Well Terry had done most of this work already for me and had many of the Family Tree DNA shared cM values already stripped back to only include 7 cM or larger values. I’m sure Terry would have liked to have known about Jonny’s tool as it would have saved him a lot of time.
I plotted Terry’s filtered numbers versus the non-filtered and got this relationship:
Notice this is a pretty strong relationship, and you can see that the trend line gives a pretty good estimate of what the filtered Family Tree DNA shared cM should be. The equation is basically saying that subtracting 50 cM from your unfiltered value will give you a decent filtered value. It should work okay for values greater than 100 cM, but obviously won’t be as good for smaller values.
Now I’ll use the filtered Family Tree DNA values in WATO instead of the unfiltered and we’ll see what happens:
This gives 5 feasible hypotheses with Hypothesis 2 coming on top being 8 times more likely than Hypothesis 5.
Ancestry DNA data for the same Known Relationship
Jonny’s comment also prompted me to try our Ancestry DNA matches. 11 of our 14 people above had originally tested at Ancestry DNA and those tests were later uploaded to FTDNA, so we still have 10 people we can compare with our 11th.
Putting in the Ancestry DNA shared cM values, we get this:
The Ancestry cM values we put in were actually not too different than the filtered FTDNA values. In fact, the biggest difference between them was 35 cM The conclusion is the same with Hypothesis 2 being ahead of Hypothesis 5, but only being about 2 times more likely.
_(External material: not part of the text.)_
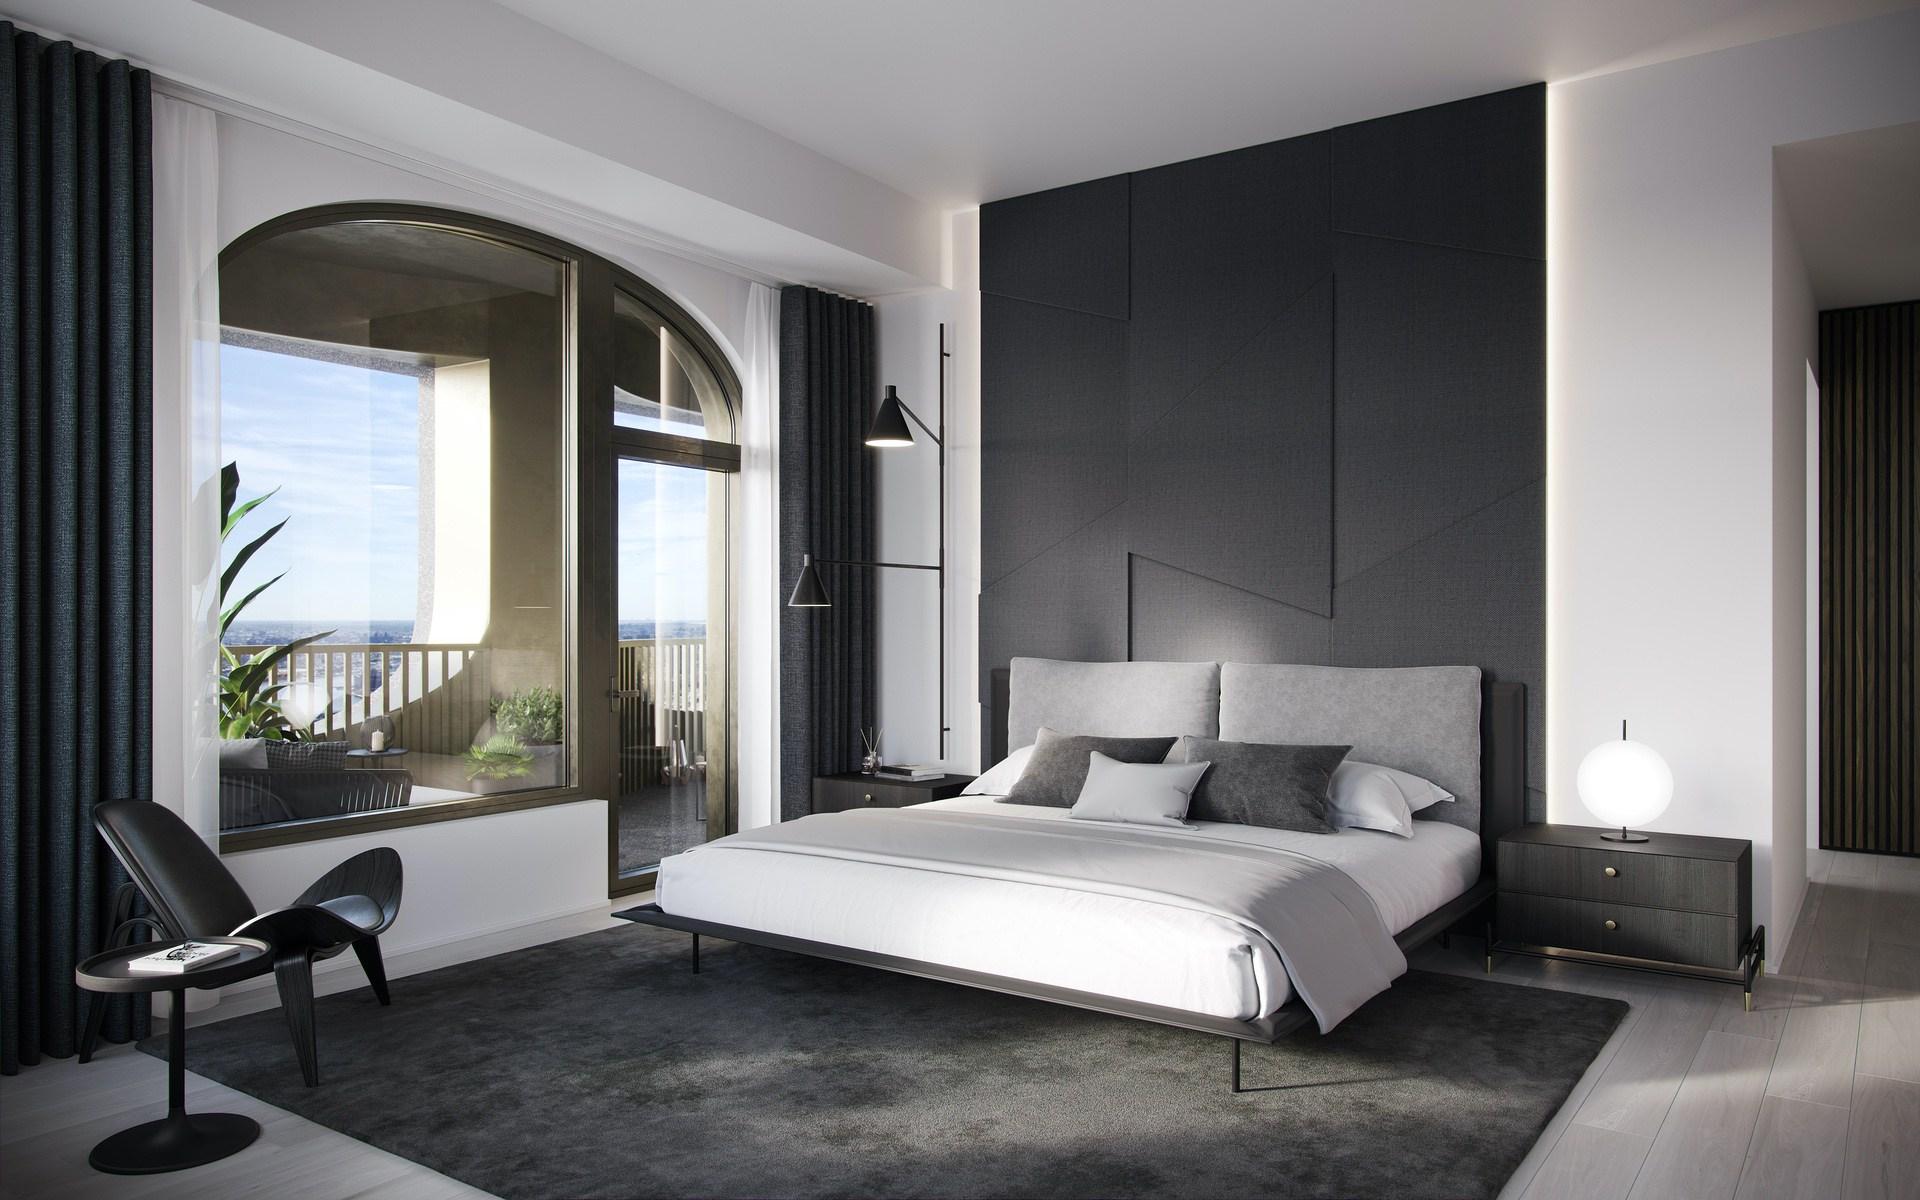 Aston_Martin_NY_Apartments_0015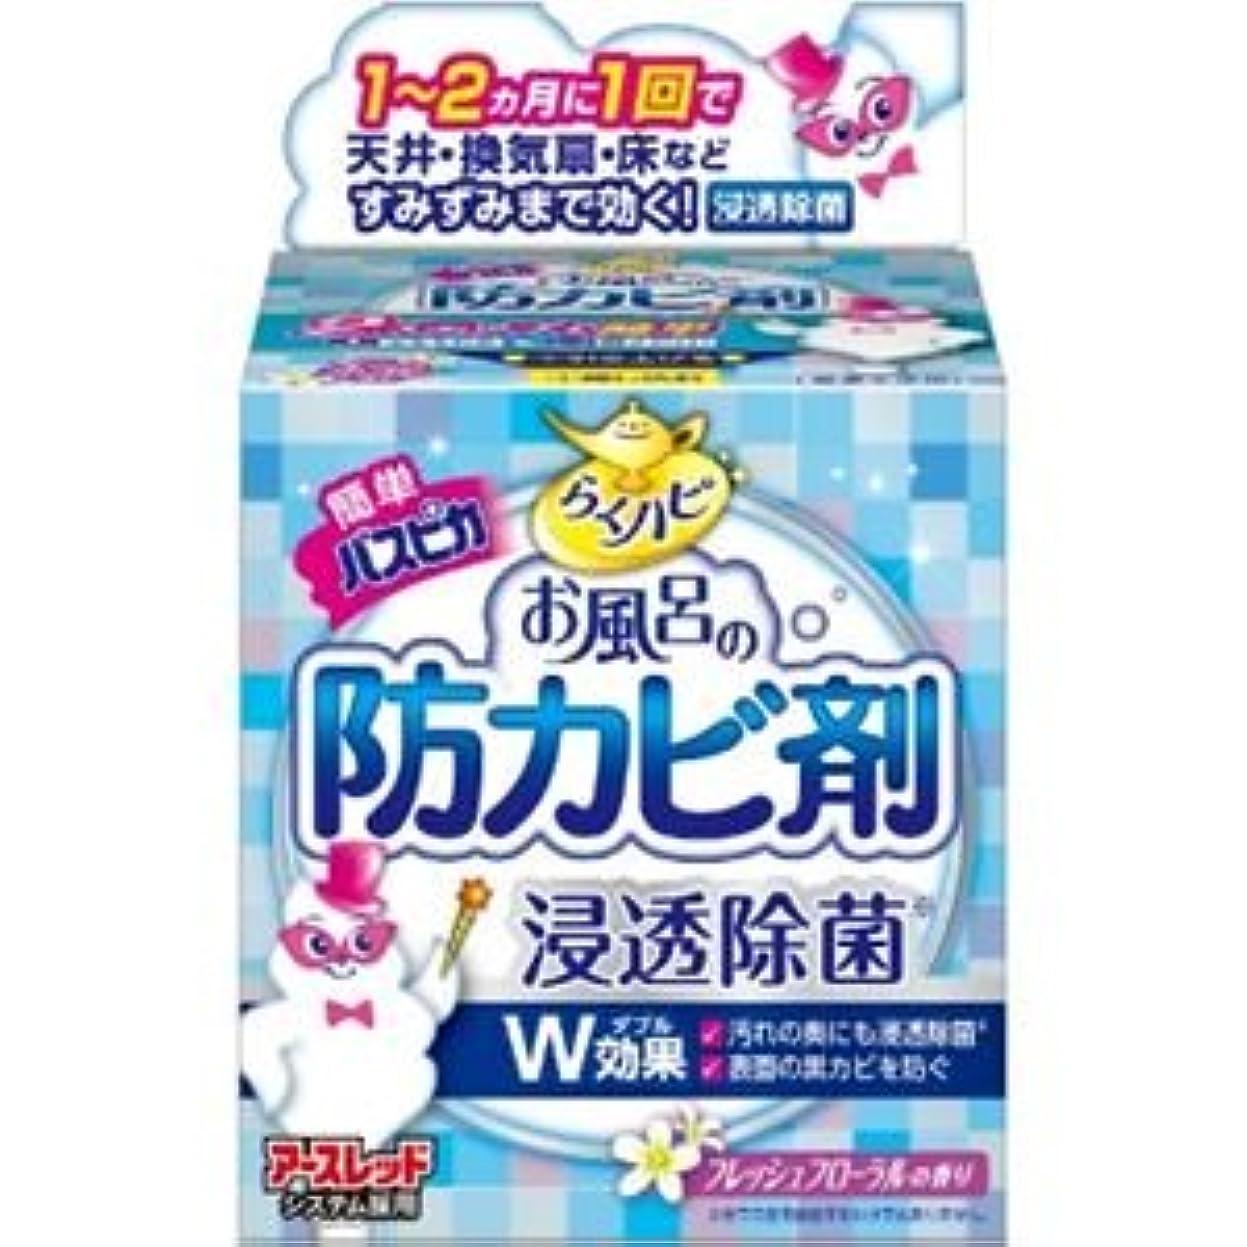 解決投げる頑丈(まとめ)アース製薬 らくハピお風呂の防カビ剤フローラルの香り 【×3点セット】

The Answer and Some Observations
The correct hypothesis is Hypothesis 2.
So it does seem that WATO is doing a good job and picked the correct Hypothesis with both the filtered FTDNA data and the Ancestry data.
Even though there are a few choices of possible valid Hypothesis, adding the known generational level of the tester and/or their age, will help to invalidate some and make one more likely.
I was worried that the endogamy would be a factor, but it seems not to be. Only the unfiltered FTDNA did not pick the correct answer on its number one hypothesis, and that is due to the many extra segments (about 50 cM worth) included in those numbers. As a result, it preferred to pick the hypothesis which was a half generation higher.
So this tells me that you needn’t worry about endogamy when using WATO. Just be sure to use either filtered FTDNA data (eliminating matches less than 7 cM) or use Ancestry DNA shared cM.